The suspense scenes — shot in darkened houses or on blizzard-caked suburban streets — are moody and genuinely eerie, thanks to cinematographer Jules O’Loughlin, who usually shoots horror films, thrillers and James Cameron aquatic documentaries. The creatures aren’t CGI but lovingly made contraptions, usually boasting gorgeously eerie masks. They’re the stuff of nightmares, and they don’t gibe with jokes about alcoholic aunts spiking hot chocolate or Red State types making global warming gaffes. Nor do they cut well with a siege of sentient, nail gun-wielding gingerbread men out of “Shrek.”

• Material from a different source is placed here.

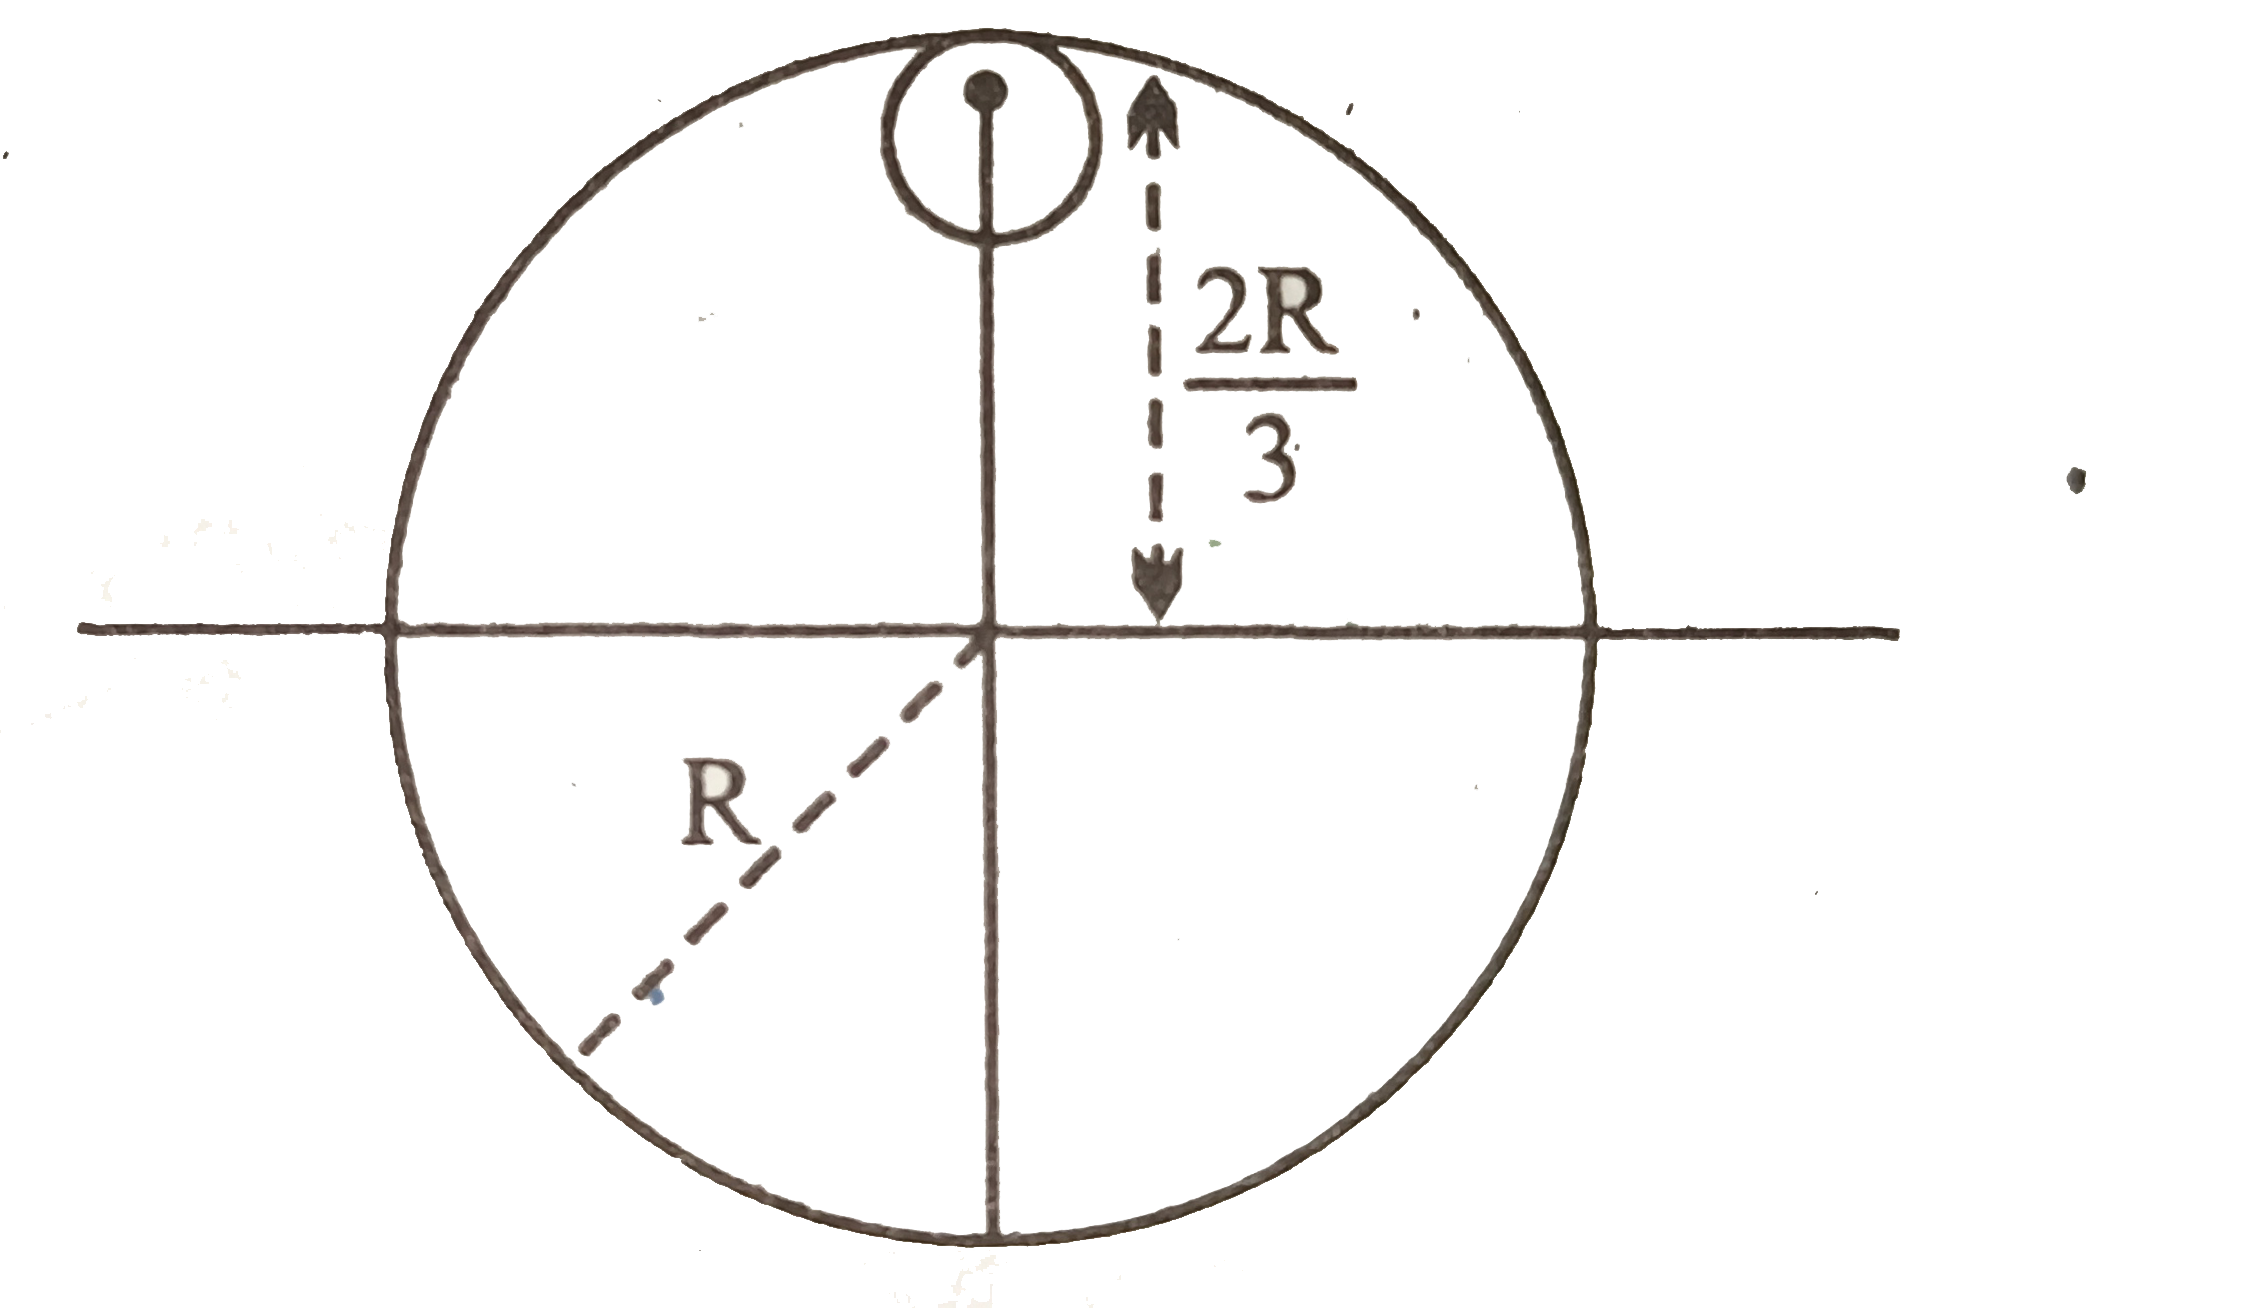 R त्रिज्या तथा 9M द्रव्यमान की एकसमान चकती से (R)/(3) त्रिज्या की छोटी चकती के चित्र में दर्शाए अनुसार काट लिया जाता है । शेष चकती का इसके तल के लंबवत तथा केंद्र से गुजरने वाले अक्ष के परितः जड़त्व आघूर्ण होगा -
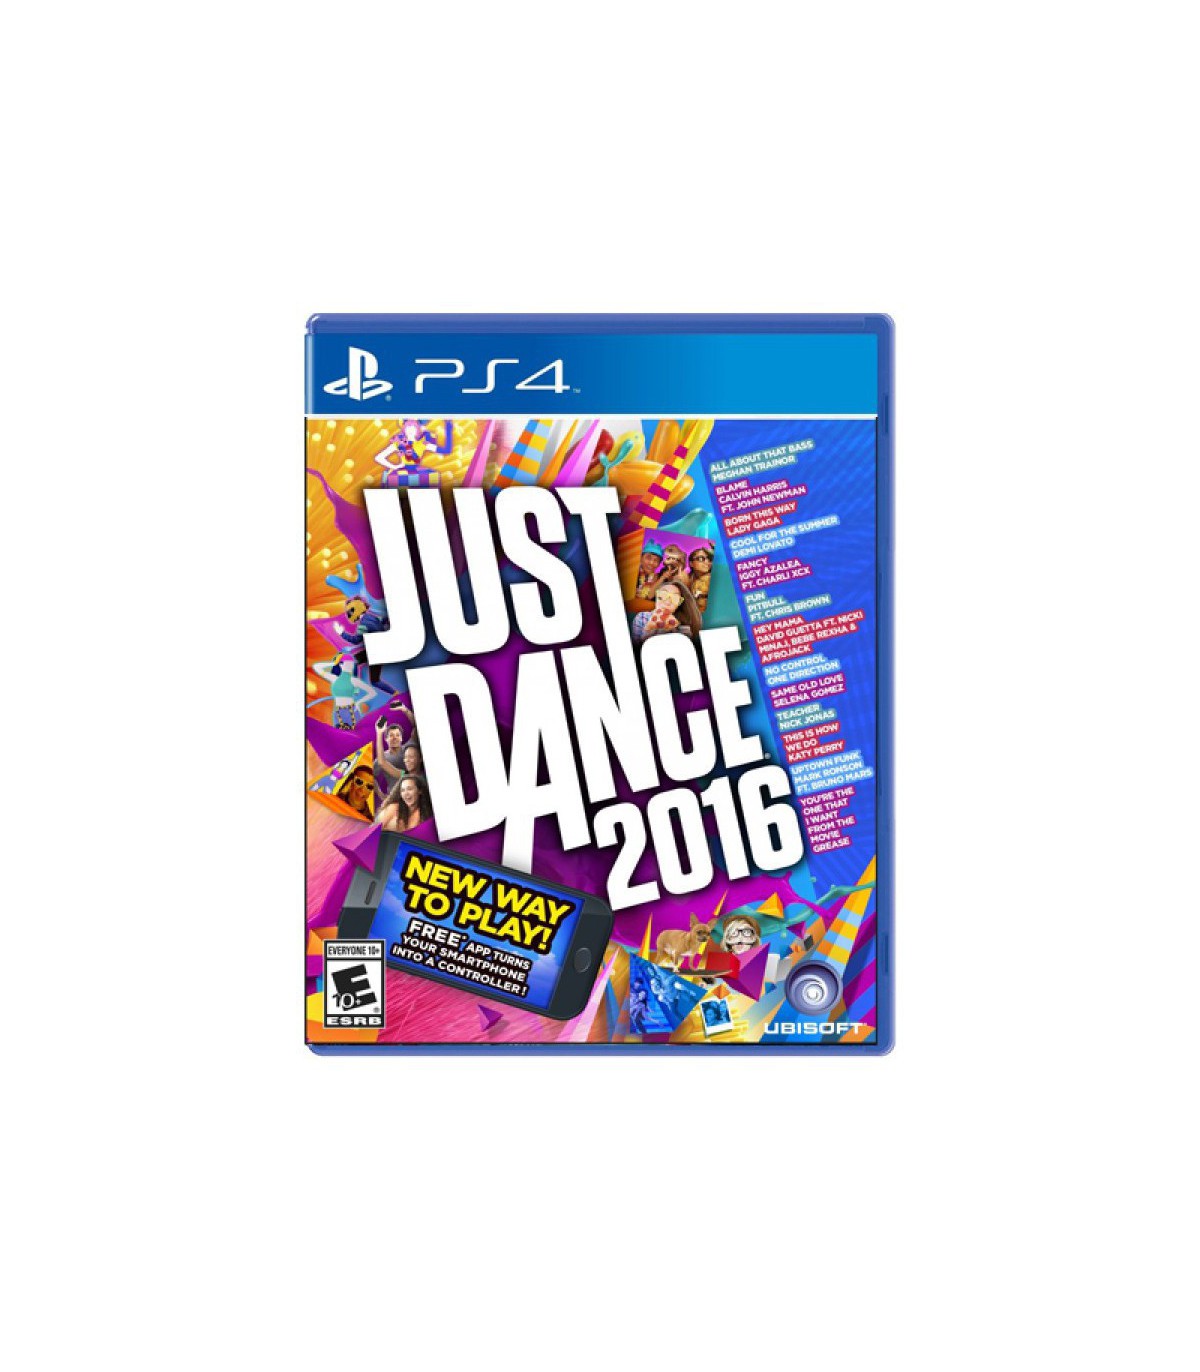 بازی Just Dance 2016 کارکرده - پلی استیشن 4

That might have worked in a fun movie, but not in a film that’s genuinely sinister, and certainly not in one that worldbuilds this sloppy. The first sighting of the Krampus, in a clear view from afar, recalls the entrance of the beastie in “The Host,” but the extent of its powers — including its legions of evil elves and dolls — is parceled out as though on random. The Krampus still doesn’t make the sense even after a spooky, stop-motion explanation, which announces it emerges when “people forget the true meaning of Christmas.” This, in a film with a joke cameo by cable commentators talking about the War on Christmas. It’s not clear who it thinks its audience is. The filmmakers seem to think it’s everyone, but it’s really no one.